The biblical view of Creation lets us know who we are and where we came from. The discussion of origins and human nature is critical to understanding the Christian worldview and being able to contrast it with opposing worldviews.
Everyone believes there are some things wrong with this world but many worldviews do not know how to answer this question. Colson pulls no punches in illustrating how sin has infected the world. An understanding of the historic human fall--the doctrine of original sin--is essential to understanding human nature and evil that is so pervasive in our world.
But he does not neglect the Christian message of hope: Redemption. Having years of experience in his Breakpoint radio ministry to weave storied essays providing this message of hope, Colson with the masterful help of his Breakpoint editor, Nancy Pearcy, provides unique perspectives on the gospel message. The biographical redemption of former abortionist Bernard Nathanson compels the reader to see that the Gospel of Jesus Christ is real and true.

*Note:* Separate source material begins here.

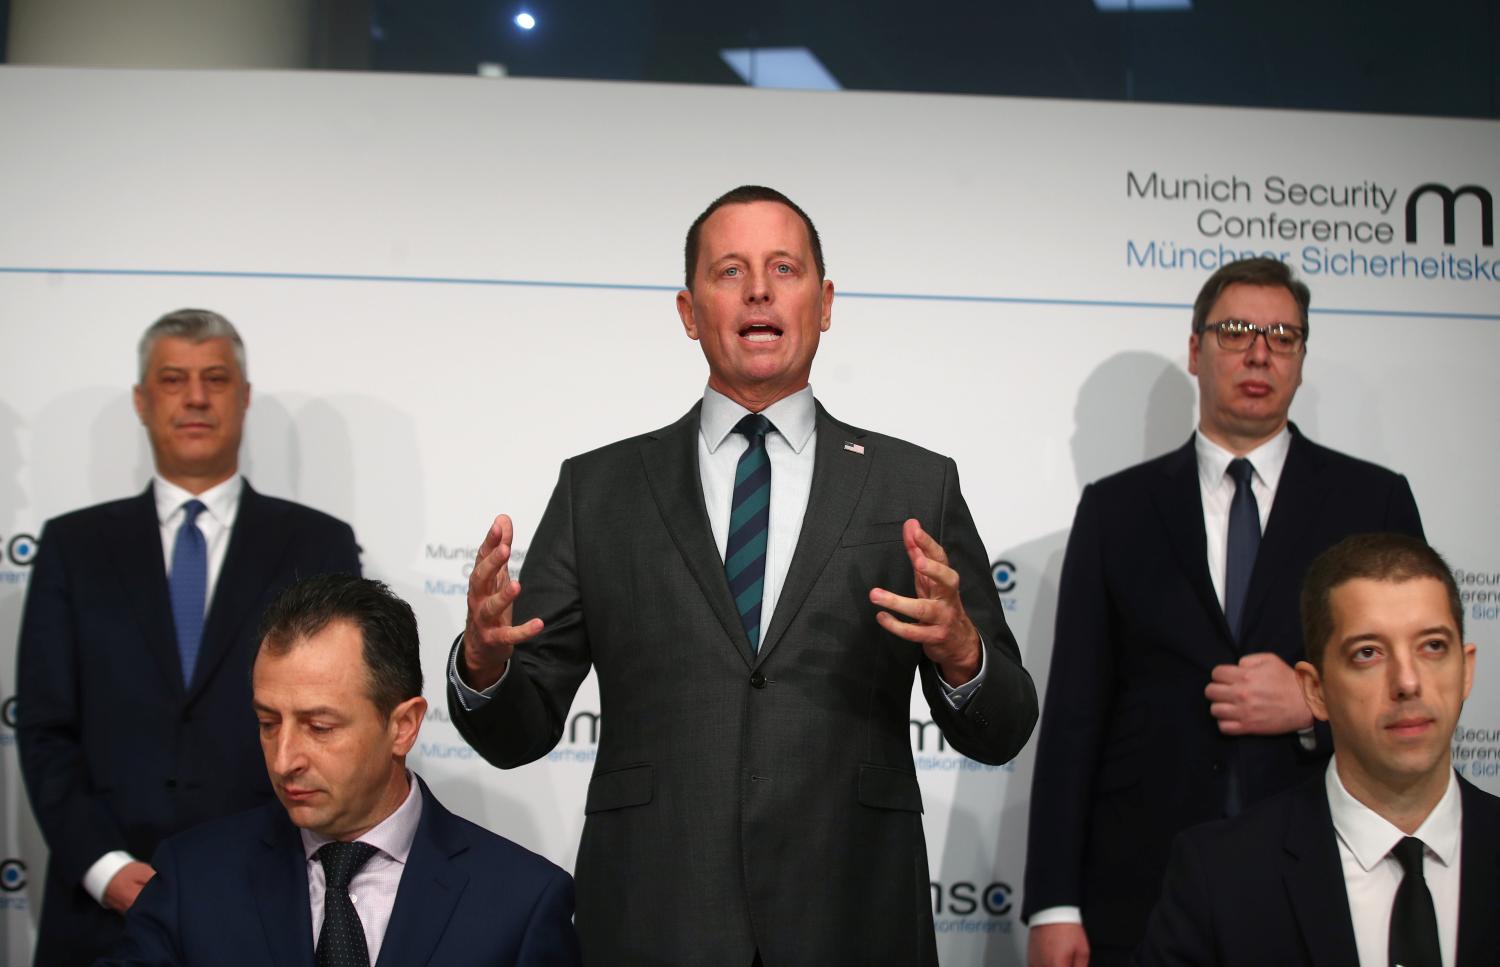 U.S. ambassador to Germany Richard Grenell, Kosovo's President Hashim Thaci and Serbia's President Aleksandar Vucic attend the Munich Security Conference in Munich, Germany, February 14, 2020. REUTERS/Michael Dalder

Finally, Colson's insights into contemporary culture reveal that he is on top of our post-Modernistic world. He's nailed our turn into the new millennium right on the head in his model for "restoration." Christians need to engage their culture at every aspect in order to restore a modicum of civility to civilization, to restore beauty and historic principles of aesthetics to music and art, to restore ethical treatment of human beings in the medical professions, to restore humane treatment of the weak and dispossessed until Christ brings final restoration to His Creation.
Read How Now Shall We Live to find out about the Christian worldview. Study it for it's penetrating analysis of contemporary culture. Enjoy it for its provision of hope in a fallen world. Discuss it with others so that as a group you can engage it from different perspectives and glean thoughts you may have missed on your own. But most of all, live it, and use it's biblical insights to give you a fresh start in applying the Christian worldview to all of life--in your home, at work, in your entertainment and diversions, in your relations and ministry to others. Use it to remain on top of the world.